## Utilizing Hypothesis Testing to Gain Insights from (fake) Patient Data on the Relationships between Heart Disease, Cholesterol, and Fasting Blood Sugar (FSB).

Robert Hall (06/29/2024)

Completed for my Codecademy "Data Scientist: Machine Learning Specialist" Career Path Certification.

#### Preparatory loading-in of data and necessary libraries.

In [1]:
import numpy as np 
import pandas as pd
from scipy.stats import ttest_1samp, binom_test

In [2]:
heart = pd.read_csv('heart.csv')
yes_hd = heart[heart.heart_disease == 'presence']
no_hd = heart[heart.heart_disease == 'absence']

#### Isolate the feature representing cholesterol levels in patients into a single variable 'chol_hd'.

In [3]:
chol_hd = yes_hd['chol']
print(chol_hd.head())

1    286.0
2    229.0
6    268.0
8    254.0
9    203.0
Name: chol, dtype: float64


#### Q: Is the mean cholesterol level in the sample higher than the general threshold of "high cholesterol" of 240 mg/dl?

In [6]:
mean_chol = round(chol_hd.mean(), 2)
print(f"Mean Sample Cholesterol Level: {mean_chol}")

Mean Sample Cholesterol Level: 251.47


The mean cholesterol level for sampled patients is approx. 251 mg/dl, which would be considerd high.

#### Q: Do those with heart disease, on average, have significantly high levels of cholesterol (chol > 240 mg/dl)?

* Null Hypothesis: "Patients with heart disease have an average cholesterol level equal to 240 mg/dl".
* Alternative Hypothesis: "Patients with heart disease have an average cholesterol level greater than 240 mg/dl"
* Significance Threshold: a = 0.05

In [11]:
ttest, pval = ttest_1samp(chol_hd, 240)
print(f"p-value: {round(pval/2, 4)}") # divide by two since 'pval' returns the p-value of a two-sided t-test.

p-value: 0.0035


We reject the null hypothesis and confirm that individuals with heart disease do, on average, have significantly high cholesterol levels (p = 0.0035).

#### Q: Do patients who do NOT have heart disease likewise, on average, have significantly high levels of cholesterol (chol > 240 mg/dl)?

* Null Hypothesis: "Patients without heart disease have an average cholesterol level equal to 240 mg/dl".
* Alternative Hypothesis: "Patients without heart disease have an average cholesterol level greater than 240 mg/dl"
* Significance Threshold: a = 0.05

In [10]:
chol_nhd = no_hd['chol'] # isolated feature measuring cholesterol levels in (fake and anonymous) patients
ttest, pval = ttest_1samp(chol_nhd, 240) 
print(f"p-value: {round(pval/2, 4)}") # divide by two since 'pval' returns the p-value of a two-sided t-test.

p-value: 0.264


We reject the alternative hypothesis and confirm that individuals without heart disease do not have significantly high cholesterol levels on average (p = 0.264).

#### Q: How many patients in the data set have a fasting blood sugar (FBS) greater than 120 mg/dl?

In [25]:
# calculate total number of patients (instances) in the dataset
num_patients = len(heart)
print(f" n = {num_patients}")

 n = 303


In [24]:
# calculate the number of patients in the dataset that have FBS < 120 mg/dl
num_highfbs_patients = int(np.sum(heart.fbs))
print(f"Number of patients in dataset with FBS below threshold: {num_highfbs_patients}")

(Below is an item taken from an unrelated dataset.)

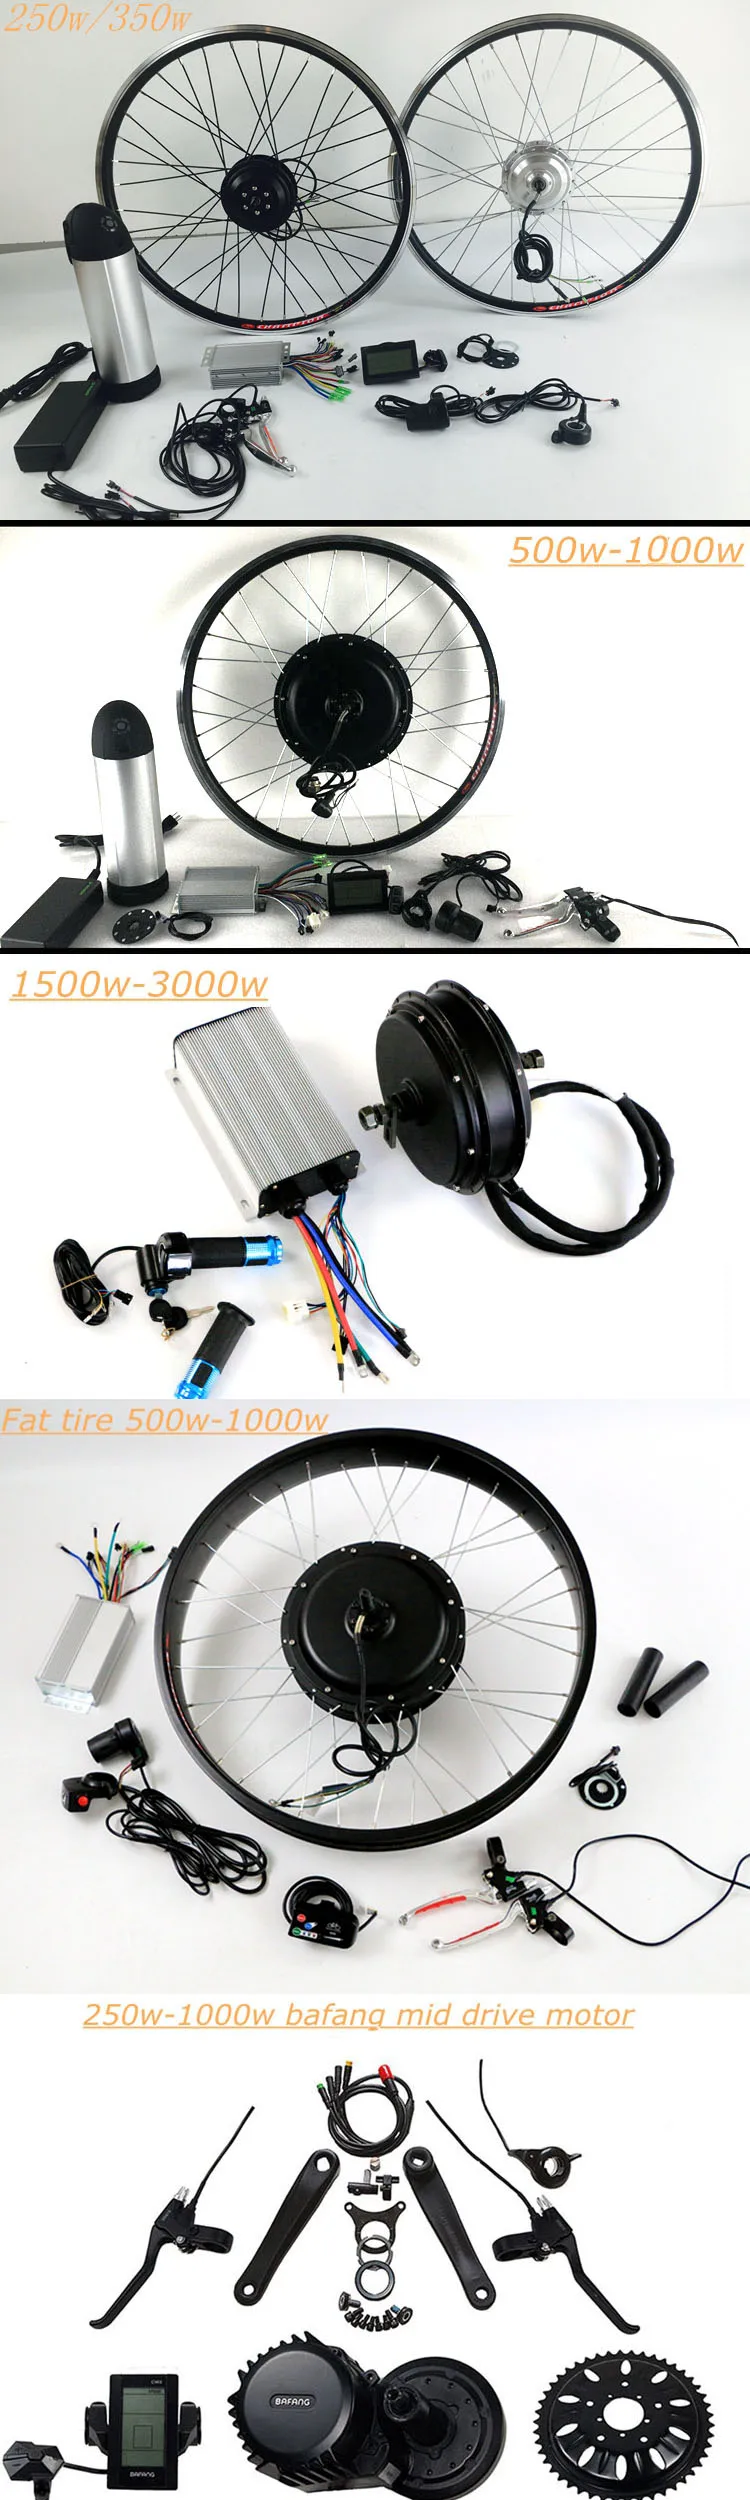 electric bicycle kit 1000w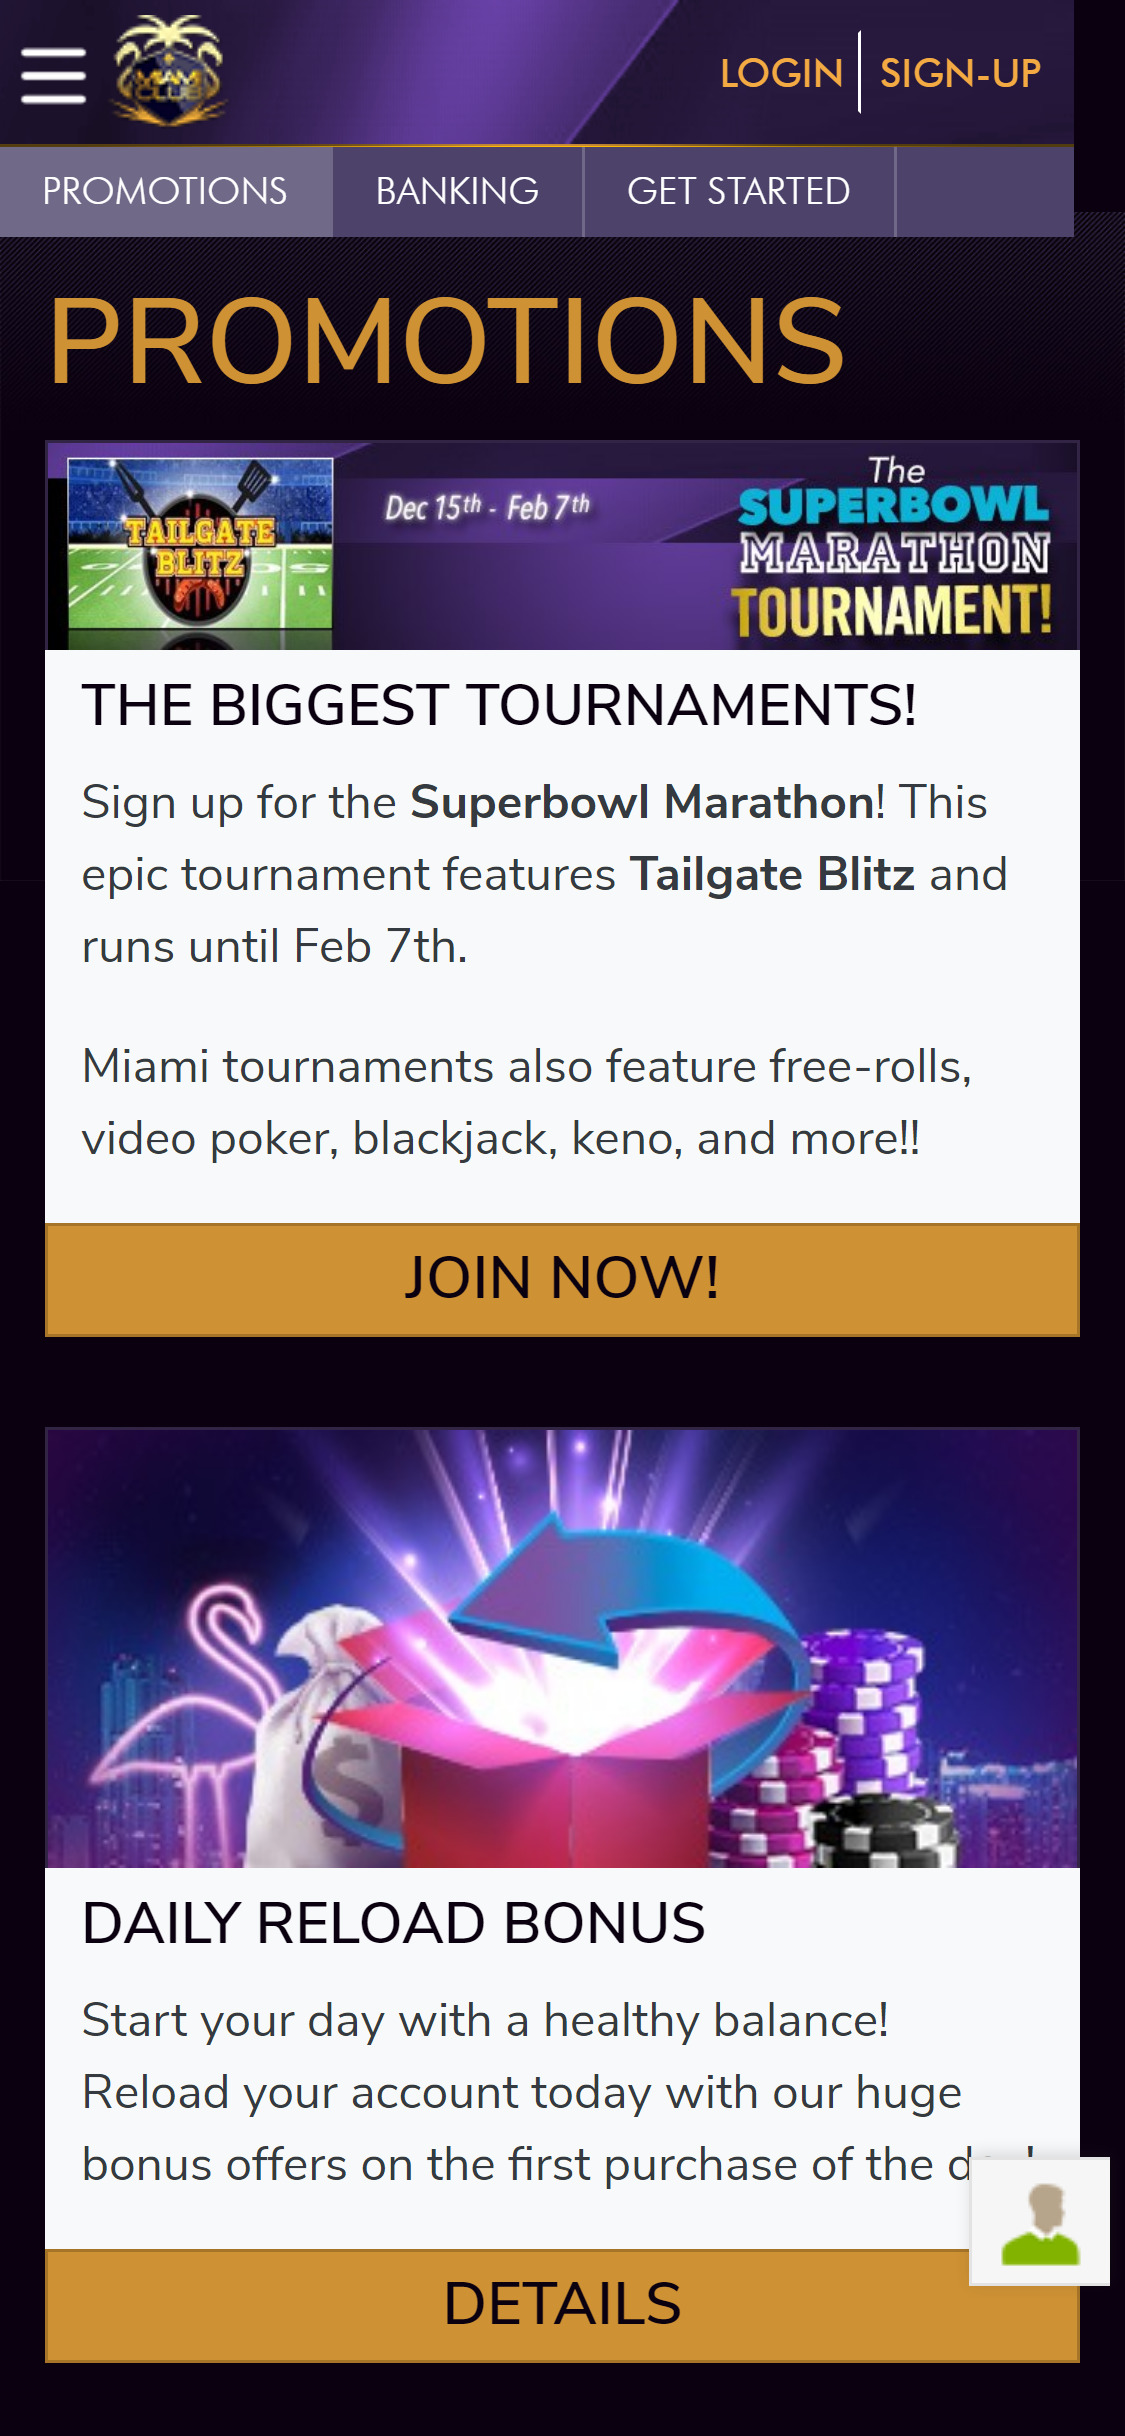 Miami Club Casino Mobile No Deposit Bonus Review

Number of patients in dataset with FBS below threshold: 45


There are 45 patients, out of the 303 in the sample, who have a fasting blood sugar below 120 mg/dl.

#### Q: Approximately 8% of the U.S. population has Diabetes. Does the sample come from a population where the rate of FBS > 120 mg/dl equal 8%?

In [21]:
# determine 8% of the sample size (n = 303)
eight_pct_sample = int(np.floor(0.08 * num_patients))
print(f"Eight percent of {num_patients} participants: {eight_pct_sample}") # 24 is just over half of the number of people (45) where fbs > 120 in the sample

Eight percent of 303 participants: 24


In [22]:
pval = binom_test(num_highfbs_patients, num_patients, 0.08, alternative='greater')
print(f"p-value: {round(pval, 6)}")

p-value: 4.7e-05


The p-value (p = ~0.000047) is comfortably below the significance threshold of a = 0.05, which indicates that this sample includes more diabetes patients than the general population, and thus the sample is likely to have come from an area with a higher proportion of diabetes patients than the national average.